Assignment: Begin at the line containing "shocked face cartoon stock" and restate it and each line after it exactly, up to and including the last line below. Leave pictures out.

(Data extract)

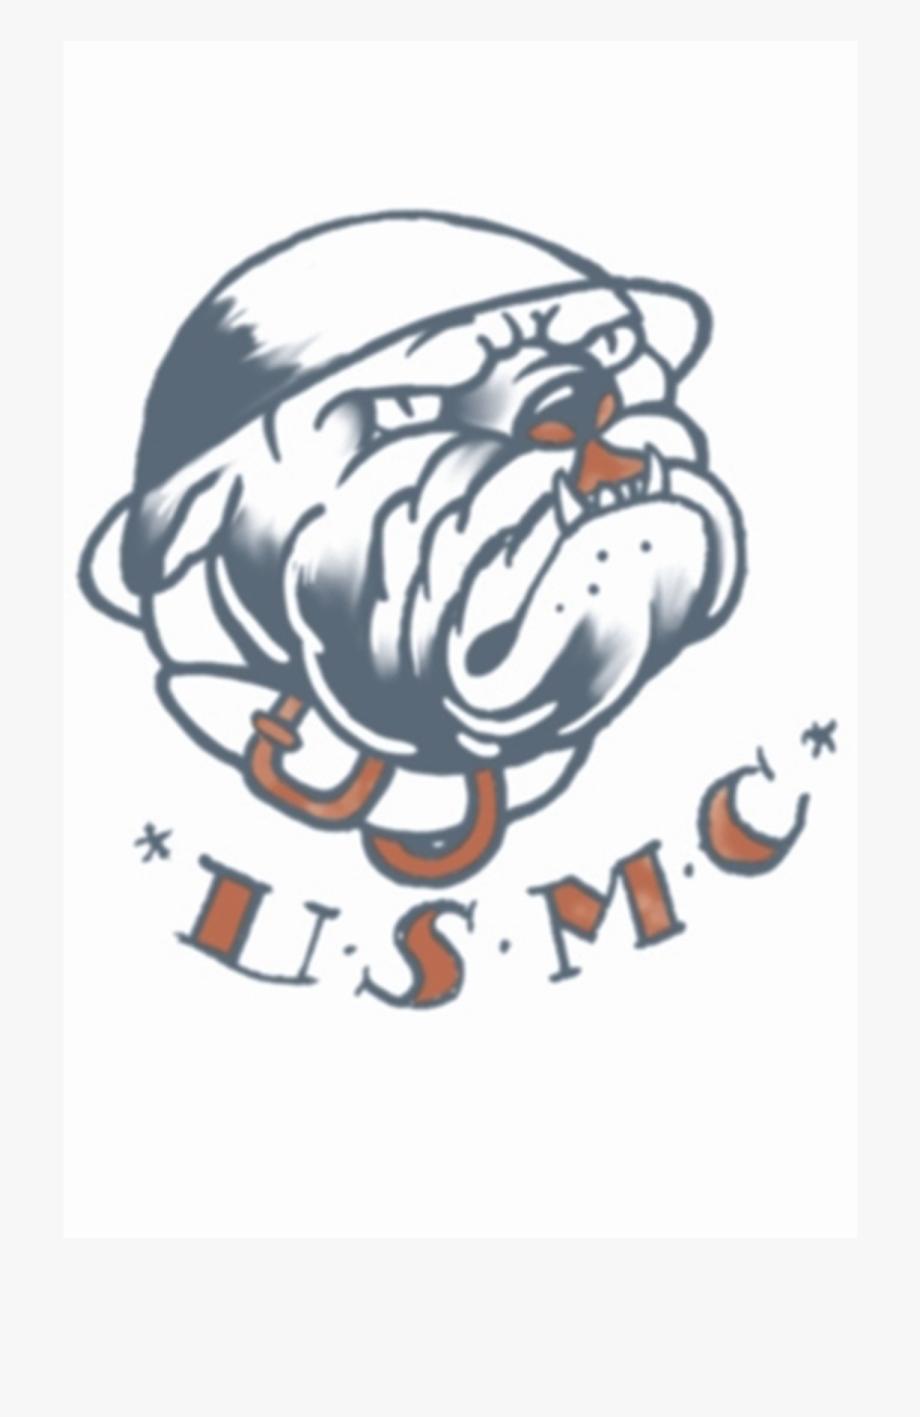 Usmc mom clipart jpg freeuse download Tinsley Transfers Temporary Military Tattoos, Usmc - Usmc ... jpg freeuse download
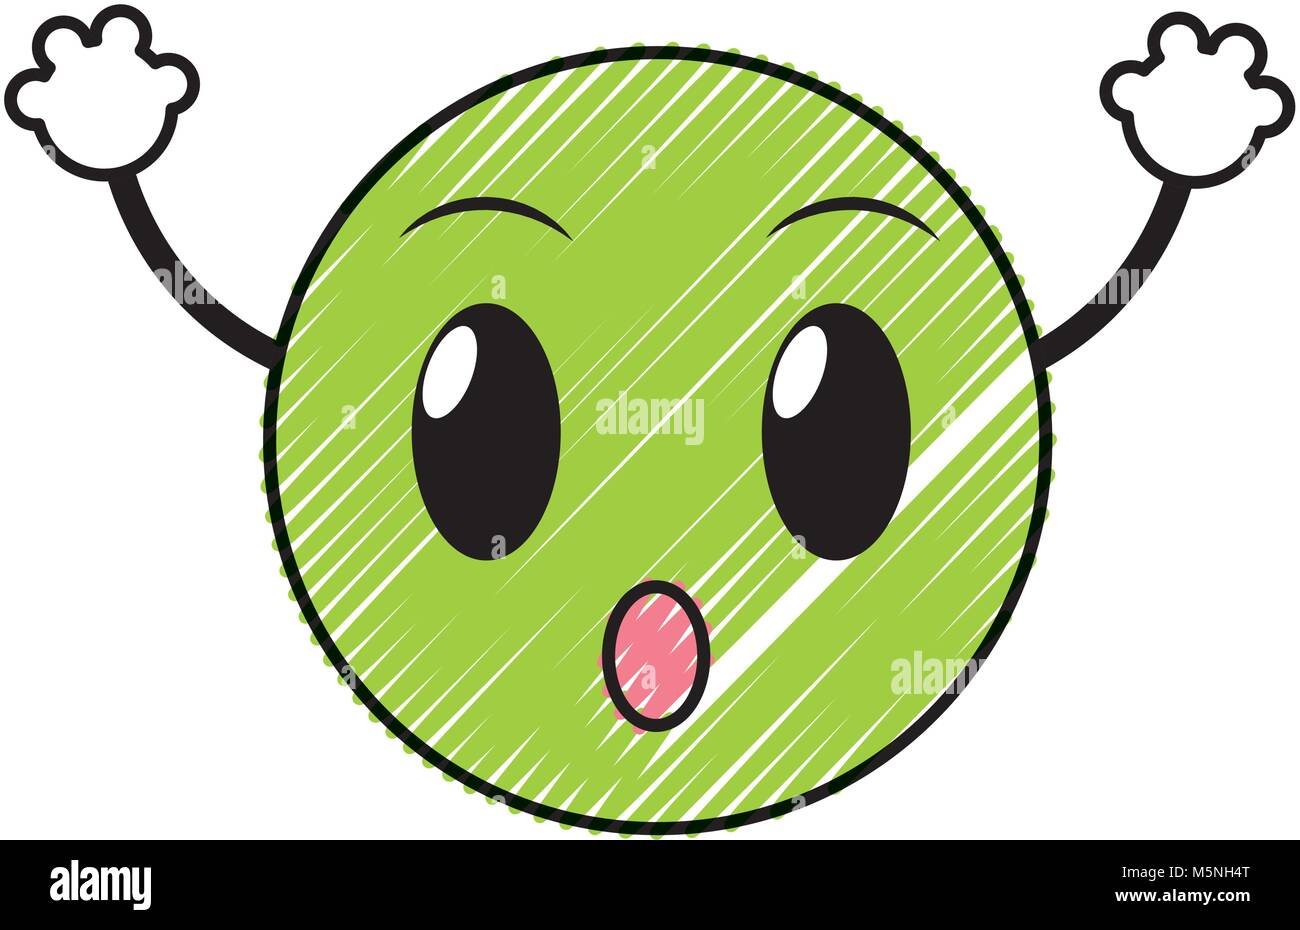 shocked face cartoon stock  shocked face cartoon 1300 x 930 · jpeg
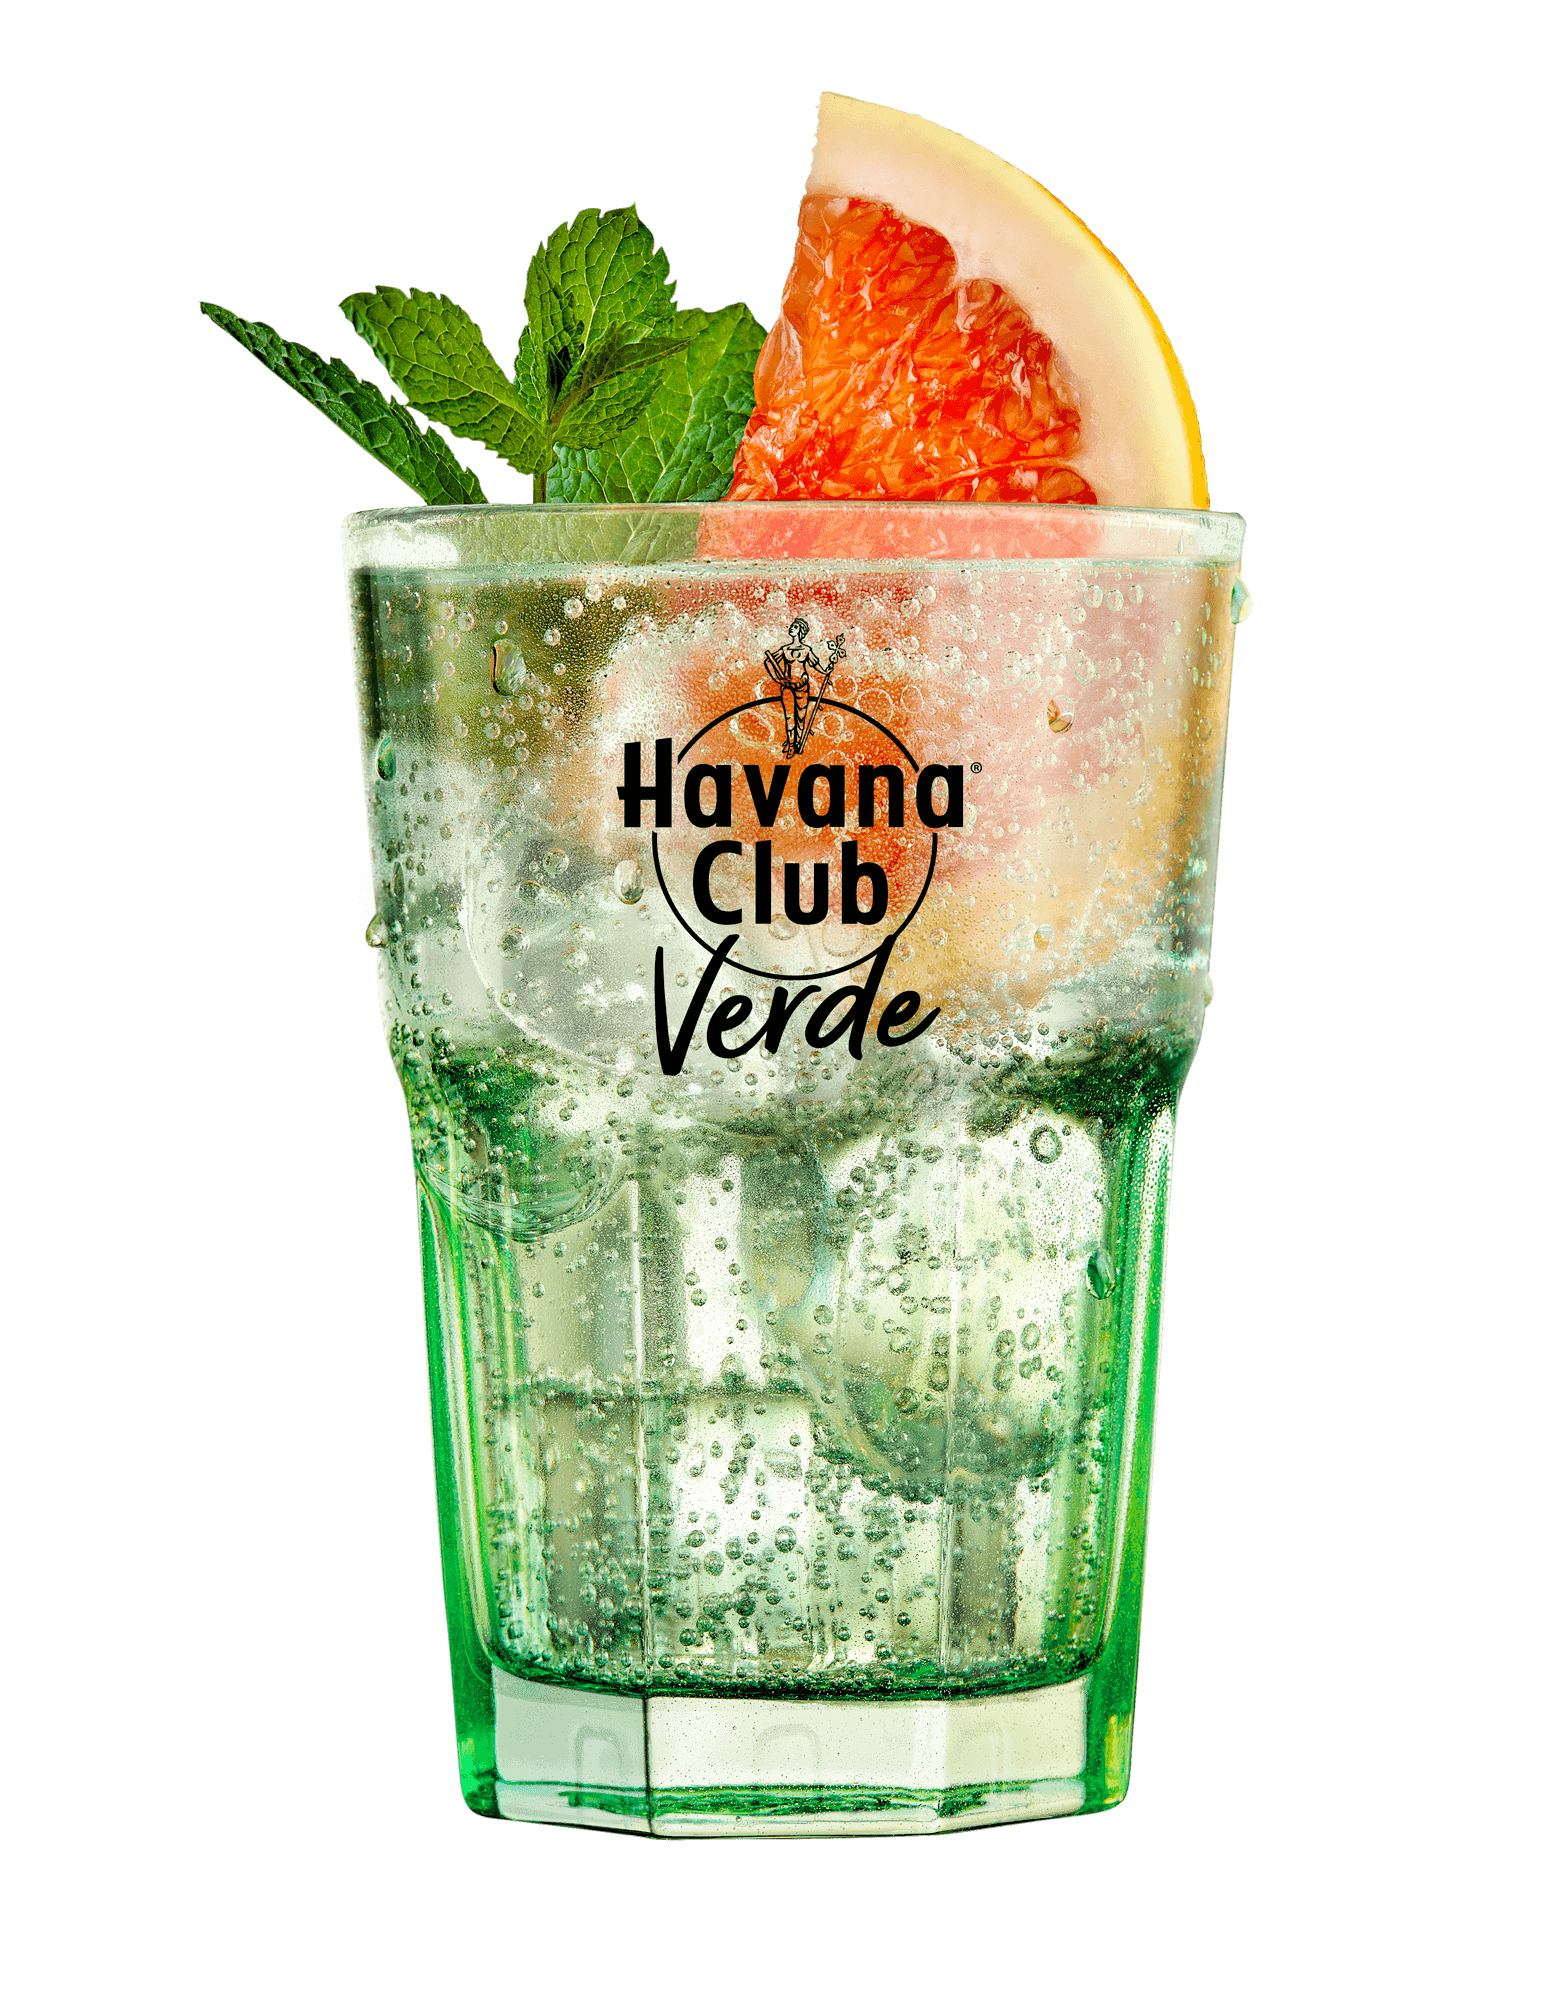 1620226598_havana-club-verde-07l-drinky_1
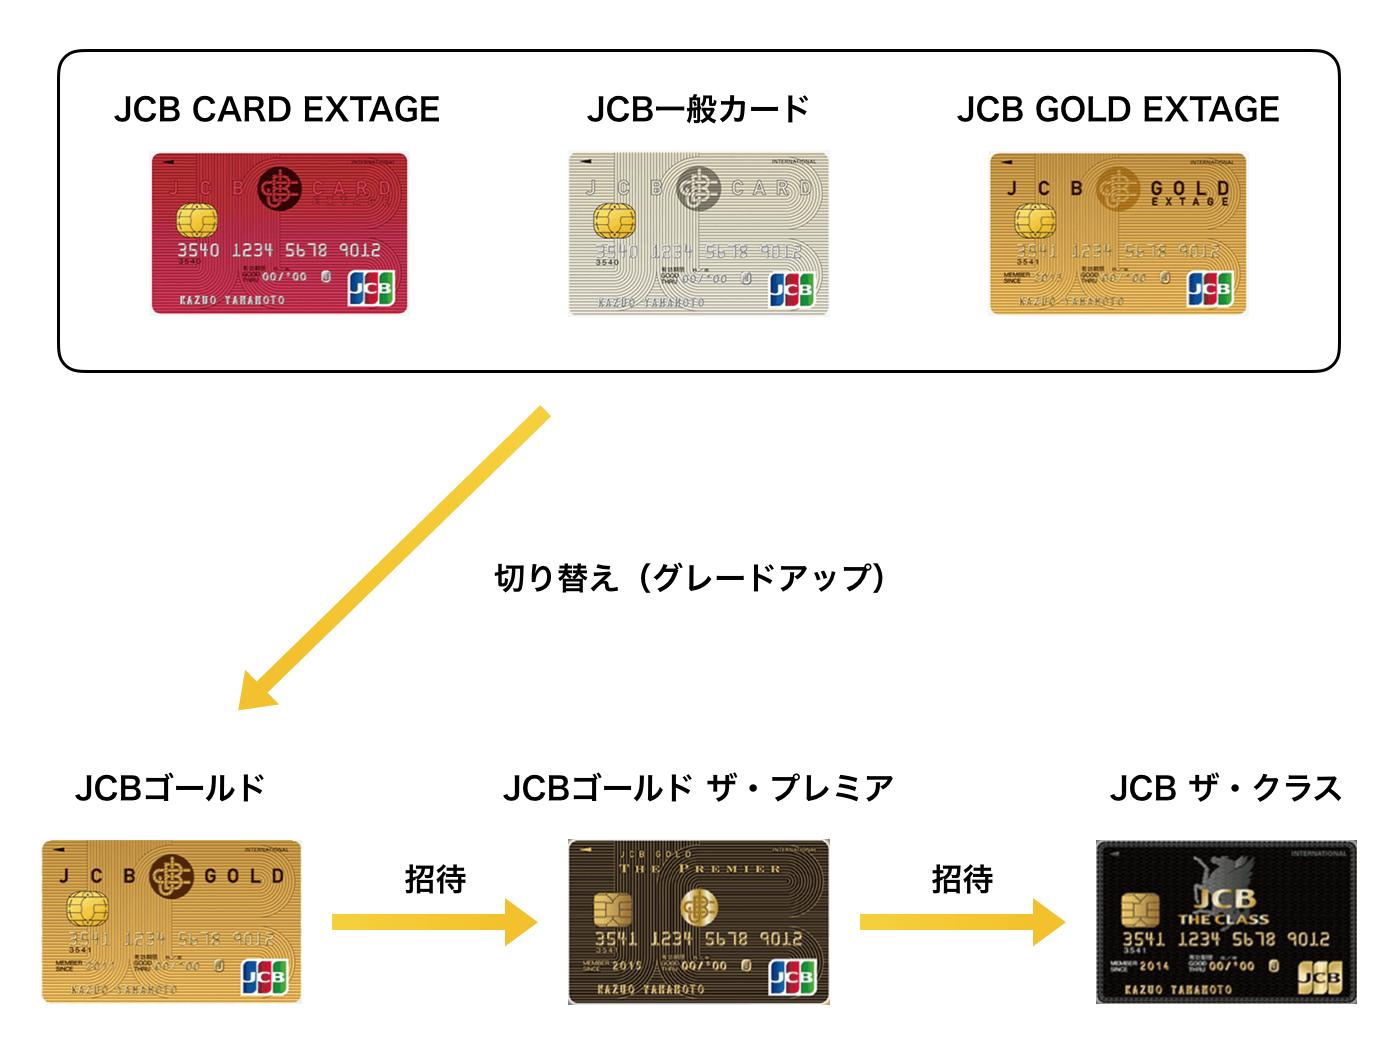 JCB一般カード プロパーカード ザ・クラス

(End Data extract)

Written response:
 shocked face cartoon stock  shocked face cartoon 1300 x 930 · jpeg
 1620226598_havana-club-verde-07l-drinky_1
 JCB一般カード プロパーカード ザ・クラス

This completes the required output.